The funny thing about this is that last night i watched a two-hour (made for t.v.?) movie called: Her Royal Affair, the story about Wallace Simpson.

It was month's ago that i picked up this book thinking i might like to read it someday, and it got buried in amongst my clutter of papers and crafts, but today it resurfaced.

Then i noticed some yellowed newsprint sticking out, and opening up the book i found an article from The Vancouver Sun dated May 8th 1975, the headlines blaring "Good Riddance. What luck that Edward VIII quit!" The article by A.L. Rowse goes on to state:

"The first thing to be said about Frances Donaldson's King Edward VIII: A Biography of the Duke of Windsor, is that it is quite the best book on the subject, reliable,very well informed, written by a gentle-woman who knows both the world and how to write. The tone is excellent, cool and courteous, remarkably without bias.

The second thing is that the reader can rely on this account of it all, when he simply cannot on the Windsors' stories. Both their books are self-justificatory, and without any objective understanding of their determining conditions of their position, of what happened to them, and why.

The Duke of Windsor was really a psychological case. He constructed for himself a caraspace, within which he lived, took up the position that he had been badly treated and had been in the right all along.

The fundamental fact is that he was unsuitable for this job as king and would never have stayed the course. From this point of view Britain owes a debt to the then Mrs. Simpson, now Duchess of Windsor, for getting him off the throne.

This was appreciated at the time at my Oxford College, All Souls, where Geoffrey Dawson was a key figure: as editor of the London Times, a friend of Prime Minister Stanley Baldwin and Archbishop C.G. Lang, he was one of the inner circle who knew everything. When the affair was being discussed, someone said that Edward was quite unsuitable for king and a monument should be erected to Mrs. Simpson for ridding us of him.

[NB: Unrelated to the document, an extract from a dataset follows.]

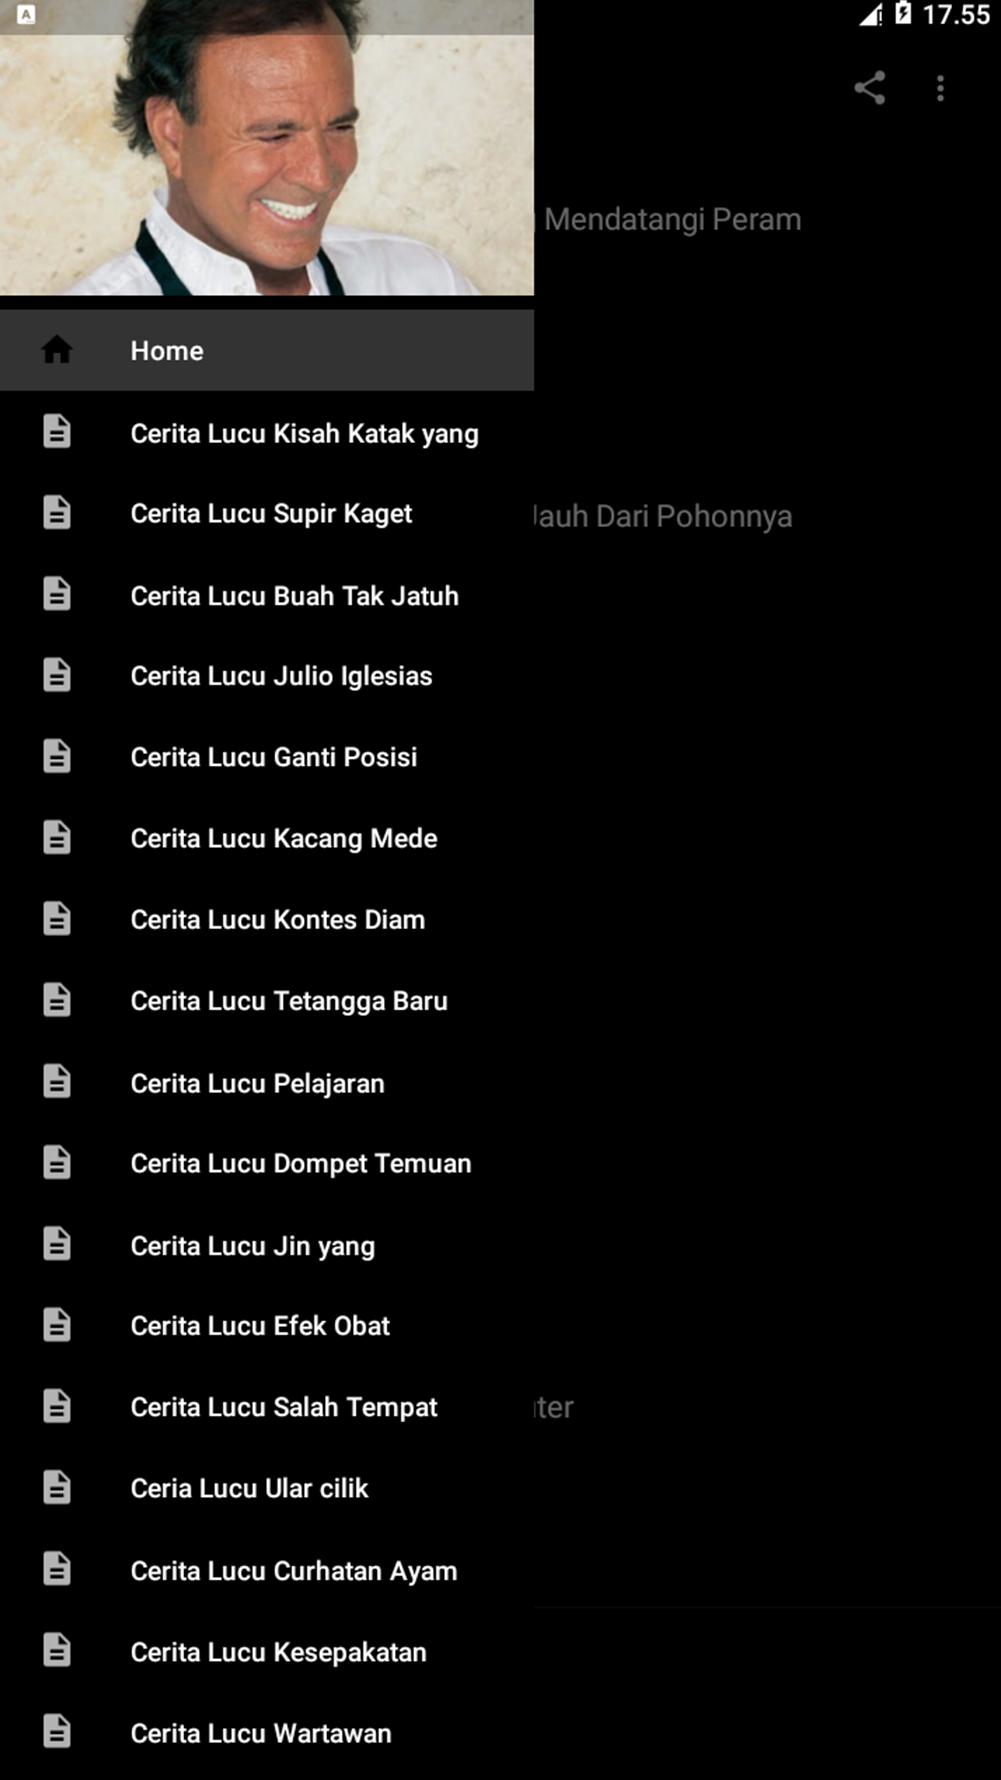 100 Cerita Lucu Bikin Ngakak 2019 For Android Apk Download

There is a most important consideration which provides the perspective in which to view the historic episode. The affair was managed in such gentlemanly fashion in England, with so much of the usual English humbug, all the cracks papered over so far as possible, that even today people are not aware of the true facts of the situation. The financial facts, for one.

Lady Donaldson says that everything has now been said and all is known about the abdication. This is not so: we have not been told about the financial aspects, and naturally she was not given any information by the royal family. She mentions the Duke's meanness about money, that it became an absorbing interest to him and that he made a vast fortune."
- to be continued at a later time (my writst are getting sore from too much keyboarding)

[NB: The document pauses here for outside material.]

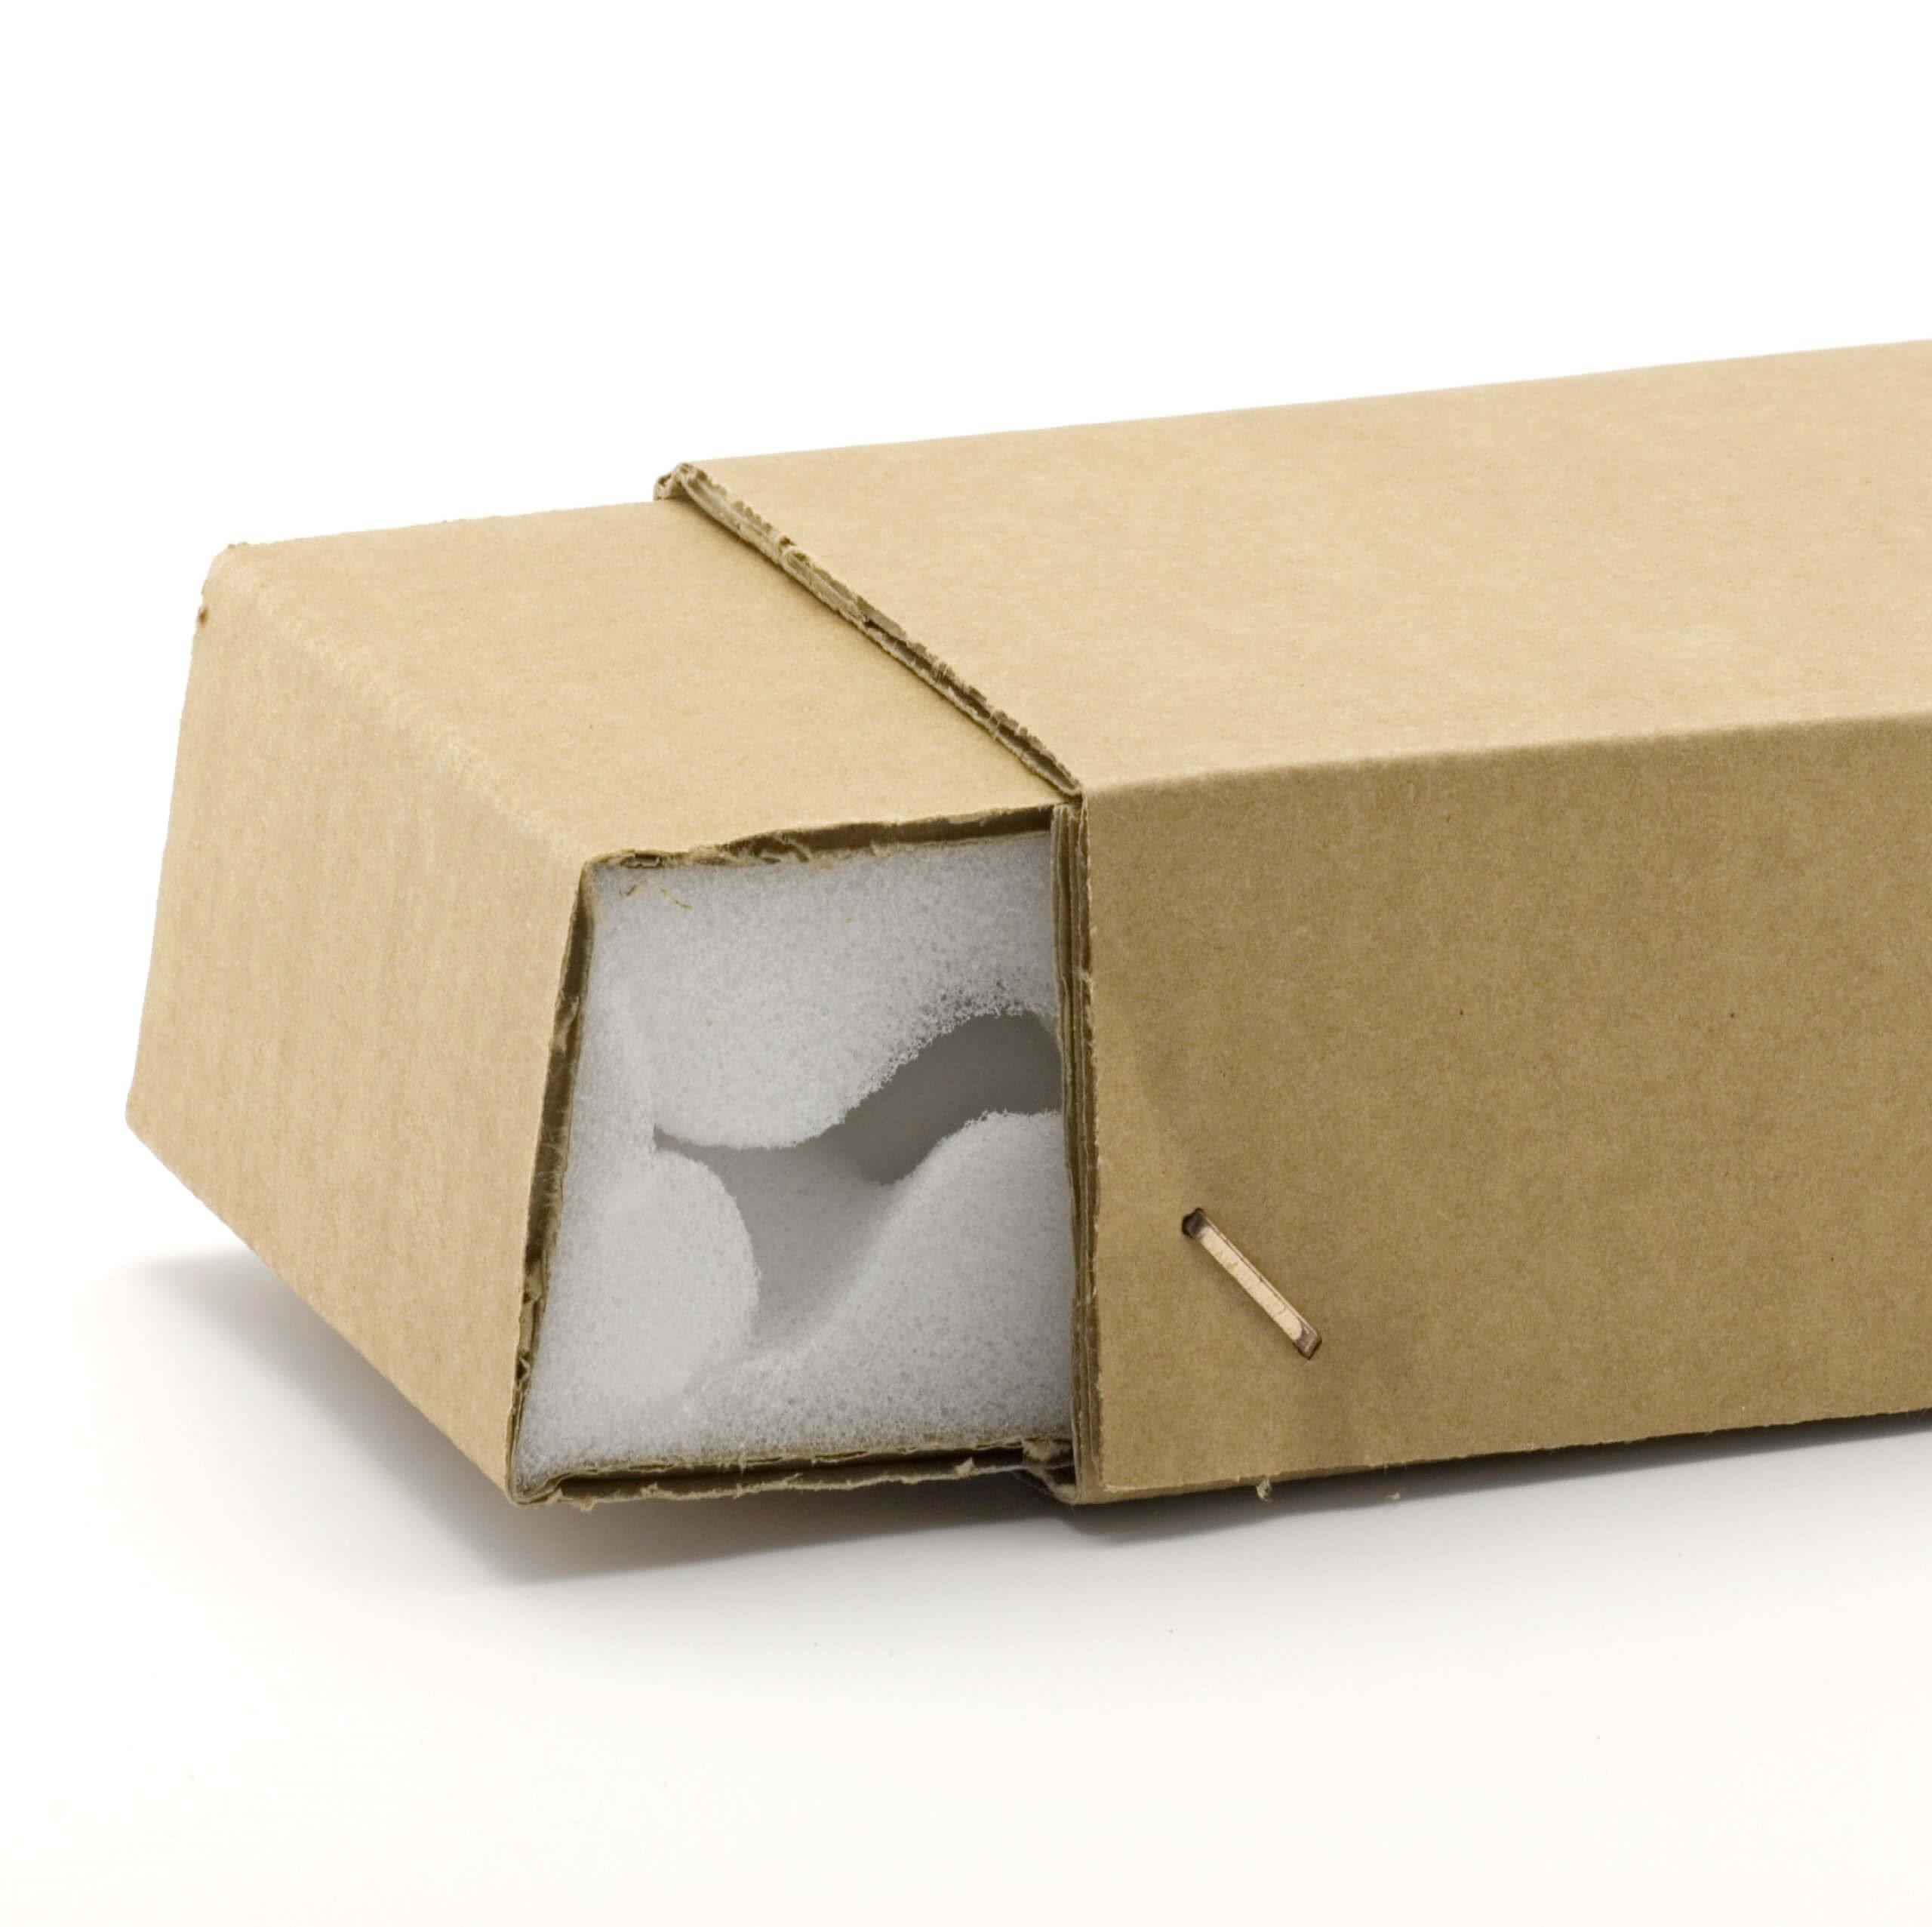 An image of a foam lined postal box.

By-the-by: the newspaper clipping is an editorial-page book review from the Wall Street Journal, and Dr. Rowse is a well-known British scholar whose special field of study is Shakespeare and the Elizabethan age.

Once the book (the one written by the Duke, strangely titled "A King's Story") is "aired-out" and fit to be indoors, i thought that it would be my Summer Reading, but having read only 8 or 9 pages i doubt that i will be able to plow through it, even in a few summers or more.

The reading is hard going, with labourious sentences like this one describing a scene from his childhood, when he was misbehaving had had to be disciplined by his 'man-nanny' [my interpretation]:

"Finch marched me off to the bedroom, laid my face down on the bed, and while I kicked and yelled, applied a large hand to that part of the anotomy which nature has conveniently provided for the chastisement of small boys." - oh brother!

6 comments:

Ian Lidster said...

Actually, it's 'Wallis' Simpson, just as a quibbling point. Anyway, she was a lady who knew how to butter her bread, just to speak metaphorically.
Ian

dragonflyfilly said...

you mean "marmalade her toast" don't you! *chuckle*...thanks for the correction, i guess i'm not ready to be an editor yet, eh?

pj

Jean-Luc Picard said...

There are many different viewpoints of this story, like most major events. I love your last paragraph.

dragonflyfilly said...

ohhhhh? hmmmm...my imagination is running away with me as i wonder exactly WHAT it is that you love about my last paragraph...*chuckle*,

later,
pj

alan said...

I don't think I had ever heard anyone say he was so unsuited for the throne...nice to escape our "Modern Times" for a moment!

alan

dragonflyfilly said...

times have changed; perhaps he was unsuited then (consider his involvement with Hitler), but "nowadays" he may be acceptable?